In assessing the realizability of deferred tax assets, management considers whether it is more likely than not that some portion or all of the deferred tax assets will not be realized. The ultimate realization of deferred tax assets is dependent upon the generation of future taxable income during the periods in which those temporary differences become deductible.
Based upon the Company’s history of profitability and taxable income and the reversal of taxable temporary differences in the U.S., management believes that with the exception of carryforwards in certain states it is more likely than not the Company will realize the benefits of these deductible differences. The Company has established valuation allowances against $6.0 million of deferred tax assets related to loss and credit carryforwards in the states where activity does not support the deferred tax asset.
Based upon the Company’s history of losses in certain non-U.S. jurisdictions, the Company has not recorded a benefit for current foreign losses in these jurisdictions. In addition, Management believes it is not more likely than not the Company will realize the benefits of certain foreign loss carryforwards and has established valuation allowances in the amount of $40.6 million against all of its foreign deferred tax assets in such jurisdictions. No valuation allowance has been established against deferred tax assets in non-U.S. jurisdictions in which historical profits and forecasted continuing profits exist. The earnings of subsidiaries in such jurisdictions and the differences in income taxes computed using the U.S. statutory tax rate and the effective tax rate in such jurisdictions are not significant.

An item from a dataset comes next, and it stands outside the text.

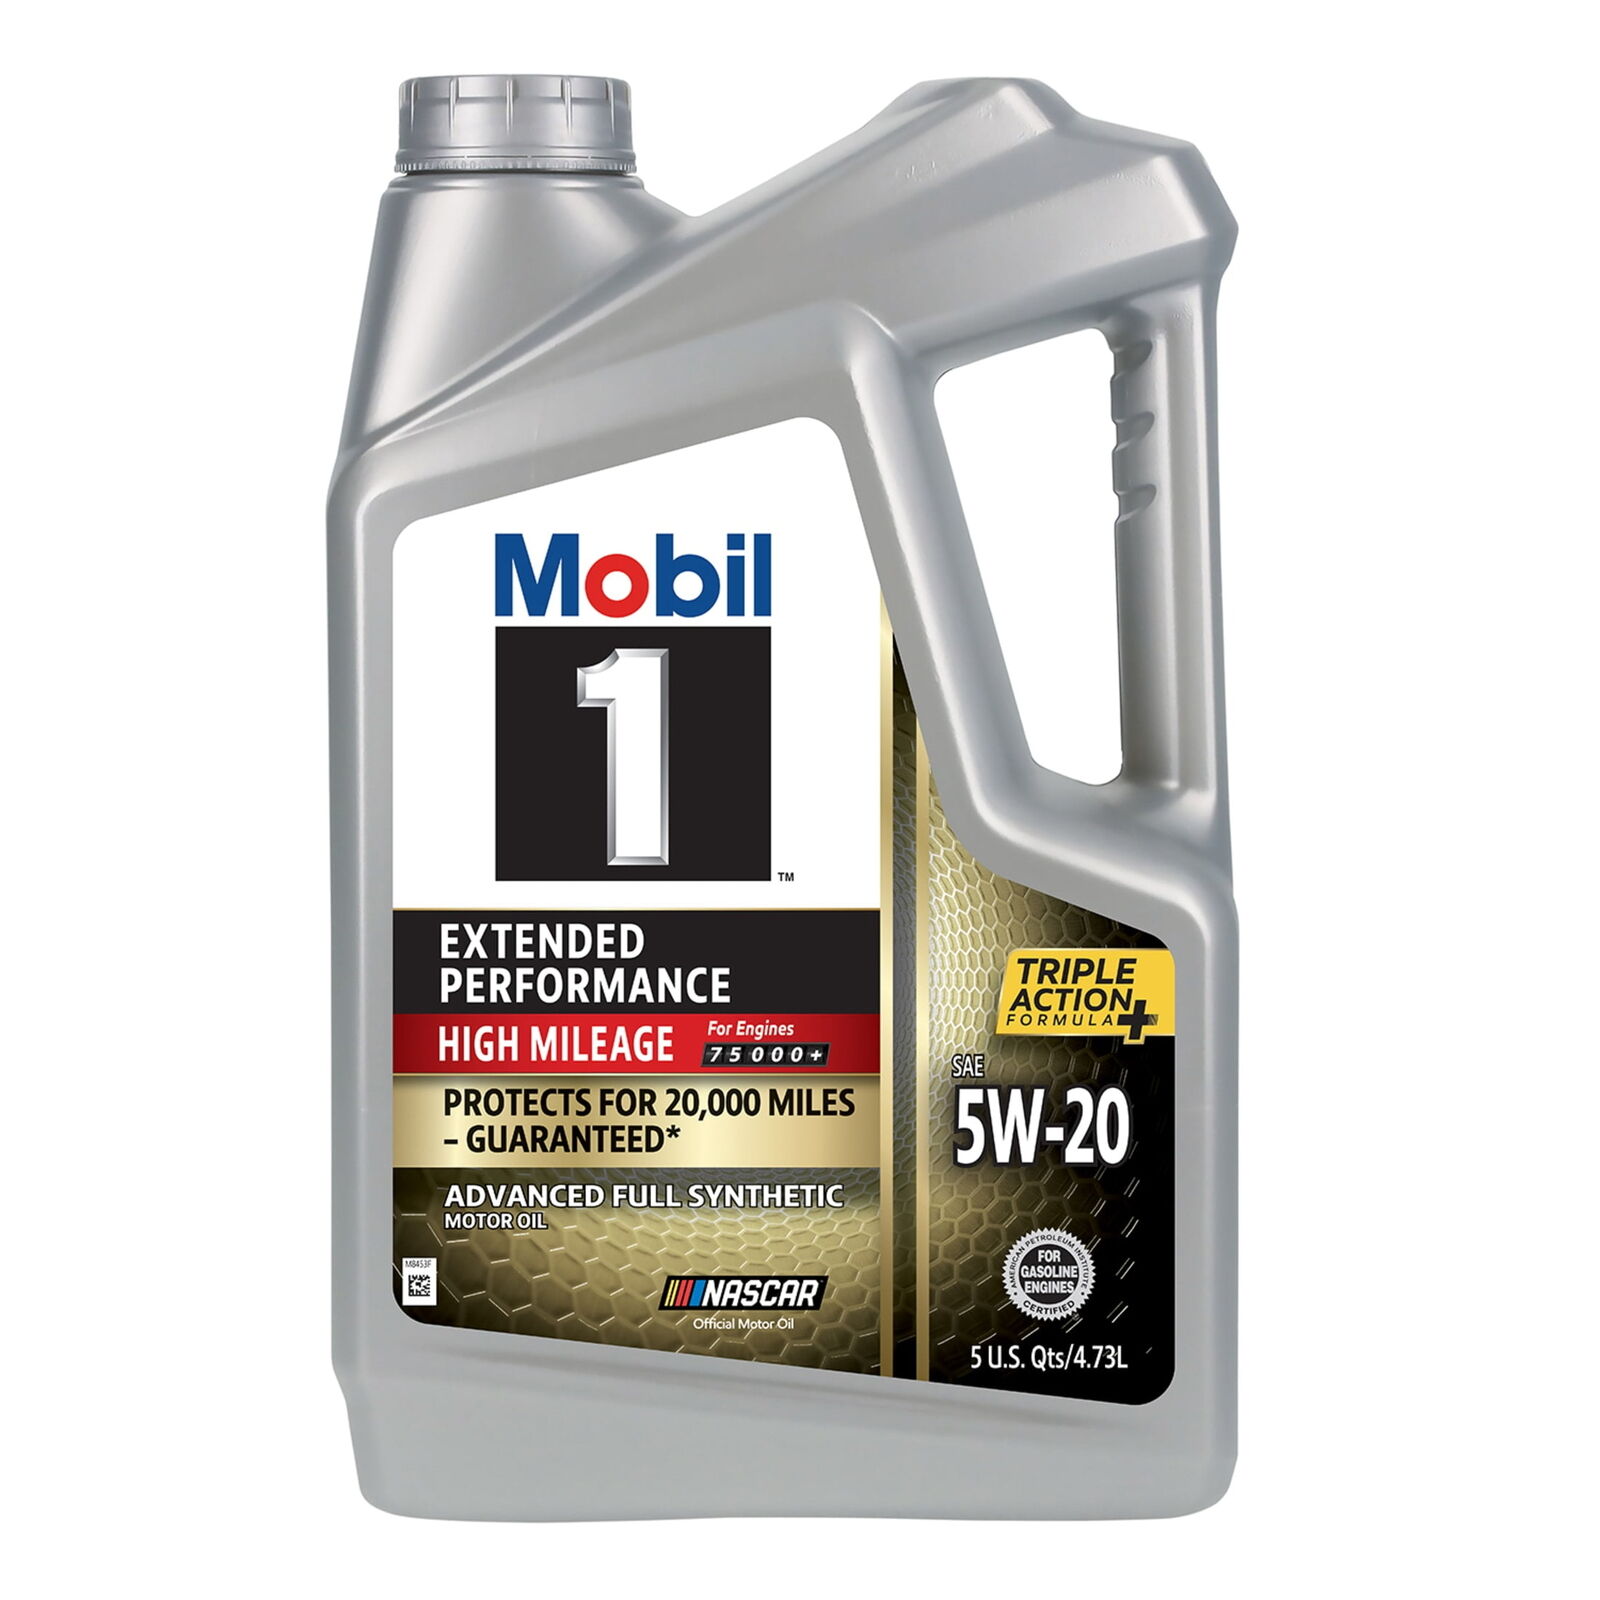  Extended Performance High Mileage Full Synthetic Motor Oil 5W-20, 5 Quart

The following table sets forth changes in the total gross unrecognized tax benefits for the fiscal years ended March 31, 2016, 2015 and 2014 (dollars in thousands):
The total amount of gross unrecognized tax benefits as of March 31, 2016 was $10.9 million, of which up to $8.8 million would reduce the Company’s effective tax rate in future periods if and when realized. The Company reports accrued interest and penalties related to unrecognized tax benefits in income tax expense. The combined amount of accrued interest and penalties related to tax positions on tax returns was approximately $0.3 million as of March 31, 2016. There was no material change in accrued interest and penalties during fiscal year 2016. The Company does not anticipate any reduction of unrecognized tax benefits within the next 12 months.
The Company files a consolidated U.S. federal income tax return and tax returns in various state and local jurisdictions. The Company’s subsidiaries also file tax returns in various foreign jurisdictions in which it operates. In the U.S., the statute of limitations for Internal Revenue Service examinations remains open for the Company’s federal income tax returns for fiscal years subsequent to 2012. The status of state and local and foreign tax examinations varies by jurisdiction. The Company does not anticipate any material adjustments to its financial statements resulting from tax examinations currently in progress.